# Moving back to Uk from Italy



## shauns303 (Jan 9, 2012)

We will not be moving many things, just some suitcases, speakers, projector and some kitchen stuff, but will not be able to do it by plane. We were considering hiring a car and driving ourselves but then we would have to return the car to Italy and then fly to uk. Too much effort and expense. 

Does anyone know of a car hiring service that allows a drop off in another country? Rather than returning it? I have been searching but have had no luck. 

Or any removal companies that do small jobs for a good price? Private career? Or any other suggestions? Should I post this in another forum? 

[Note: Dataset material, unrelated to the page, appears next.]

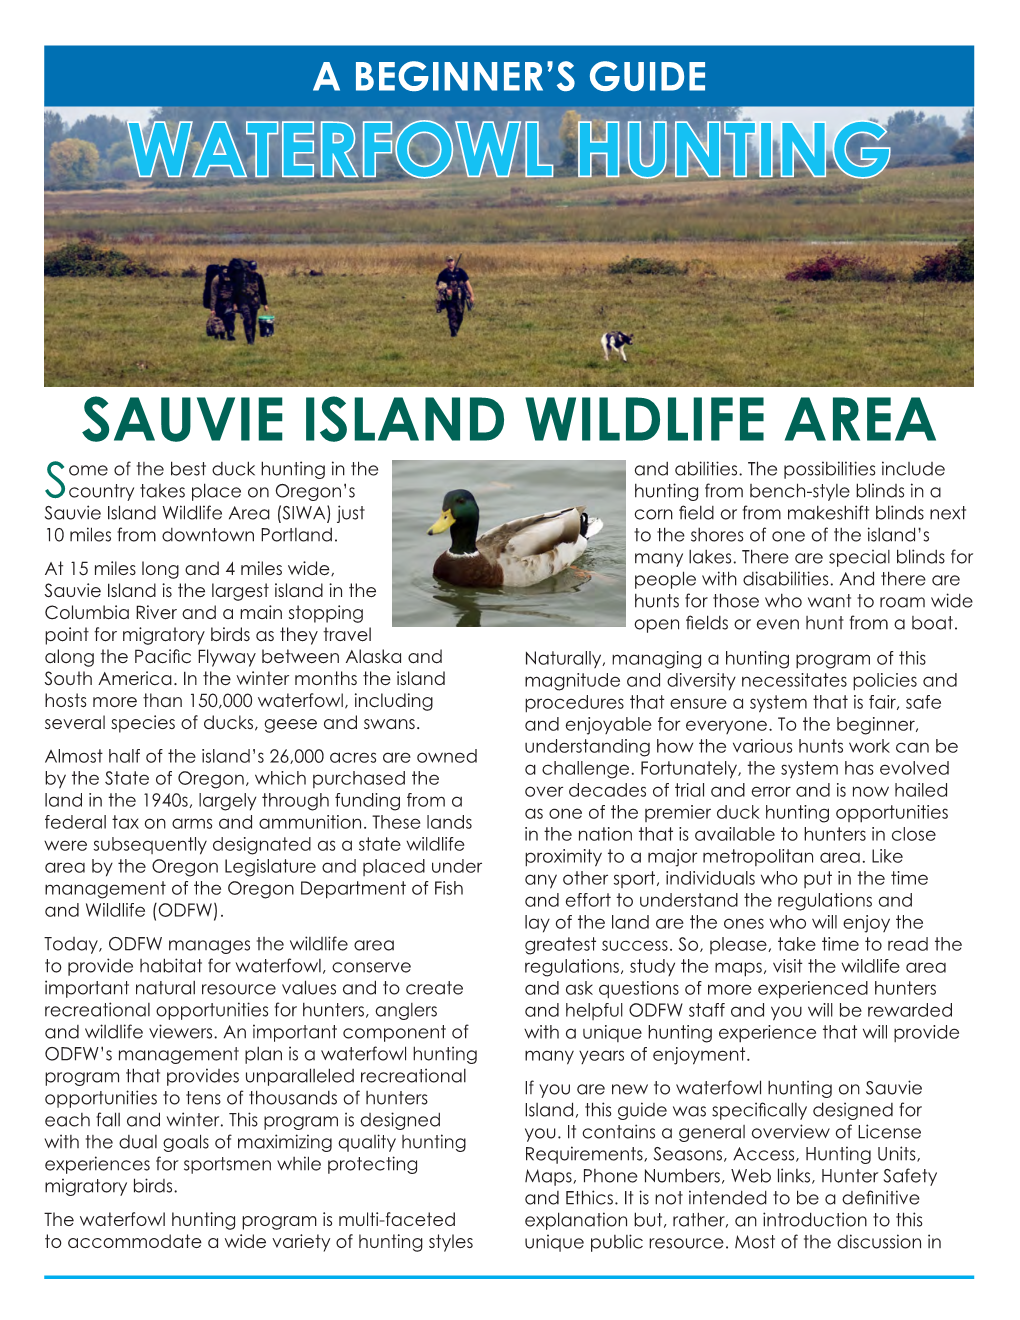 Sauvie Island Waterfowl Hunting
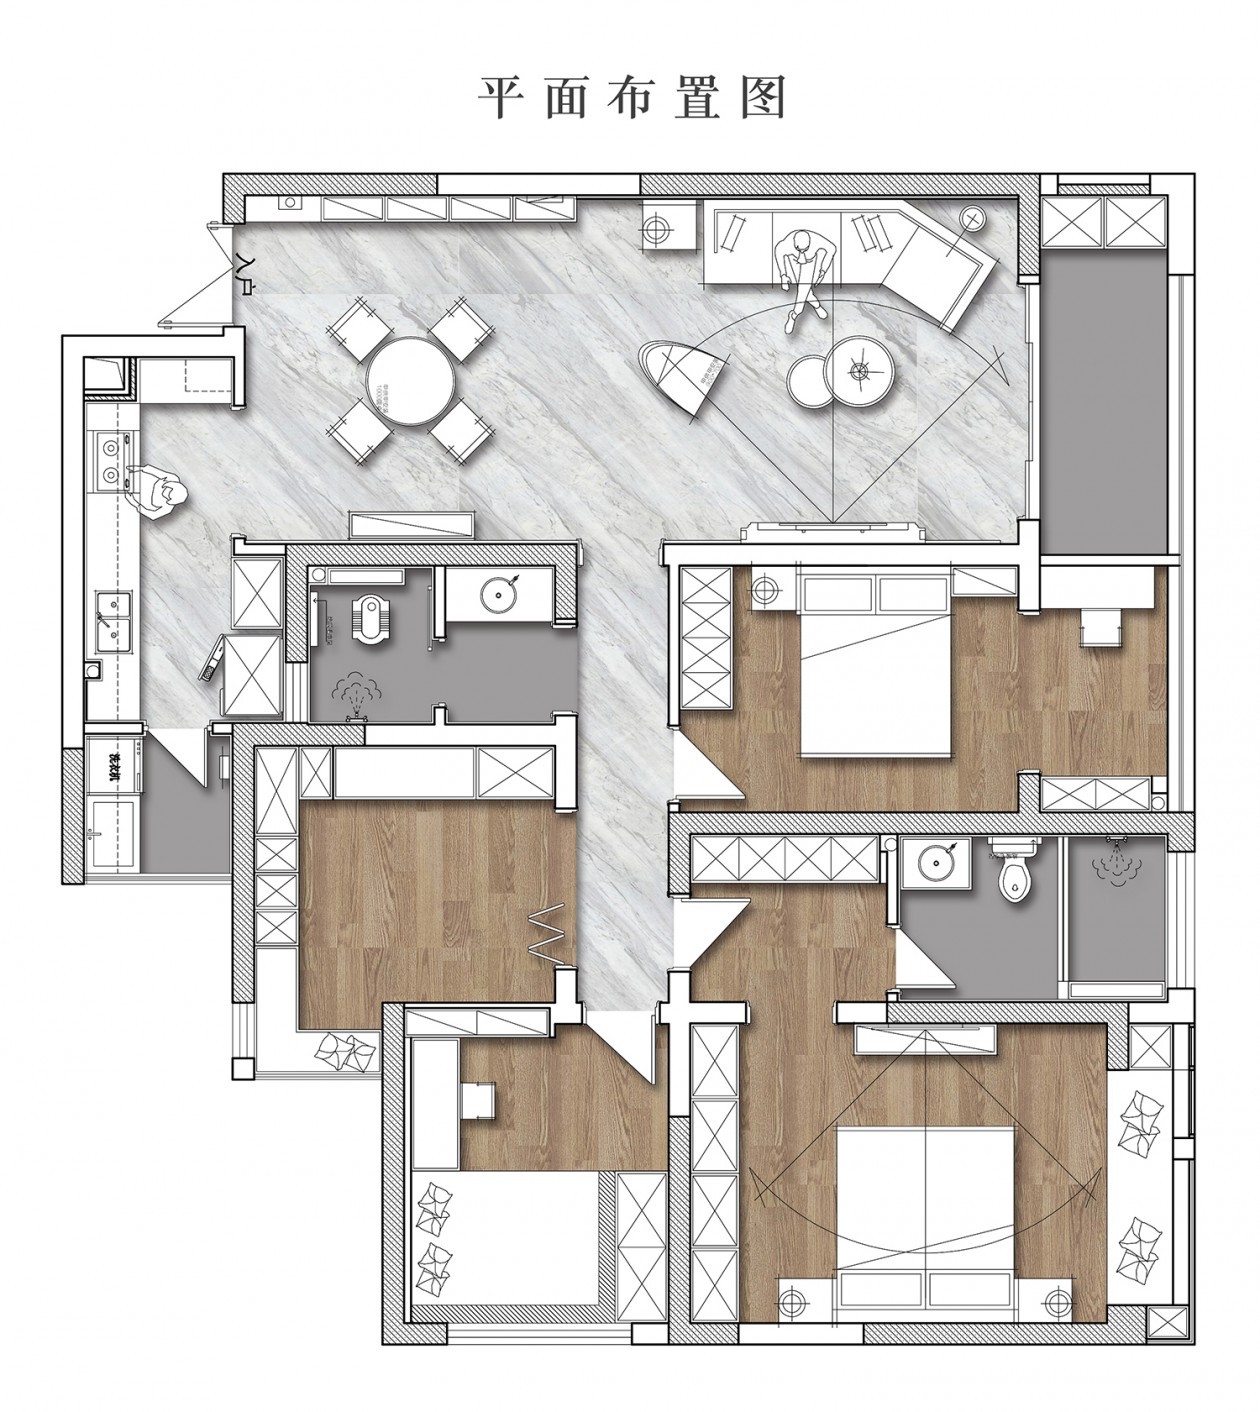 130现代三房装修效果图,烟火气与ga级感的平衡点装修案例效果图-美广网

Thanks to anyone you will read and feel like lending some advice. 

Ciao


----------



## jessabella (Apr 16, 2012)

I know enterprise has offices all over and different countries so might be worth giving them a ring...not sure but they did come to mind


----------



## Twinkle Canelli (Mar 2, 2012)

In January of this year, I had to pick up a new car from Monte Carlo. I tried to hire a car in Italy and drop it off in Monaco, but it was absolutely impossible. I ended up paying someone to come from Monte Carlo to Piemonte and take me back with them and drop me off there. I think your best bet is to try to find someone who is doing a similar journey and sharing costs.


----------



## shauns303 (Jan 9, 2012)

Thank you for the replies. I think I have found company through a service on the expat forum. That will do the door to door move for a good price. "I Think"....


----------



## Twinkle Canelli (Mar 2, 2012)

Will have my fingers crossed for you! Good luck!


----------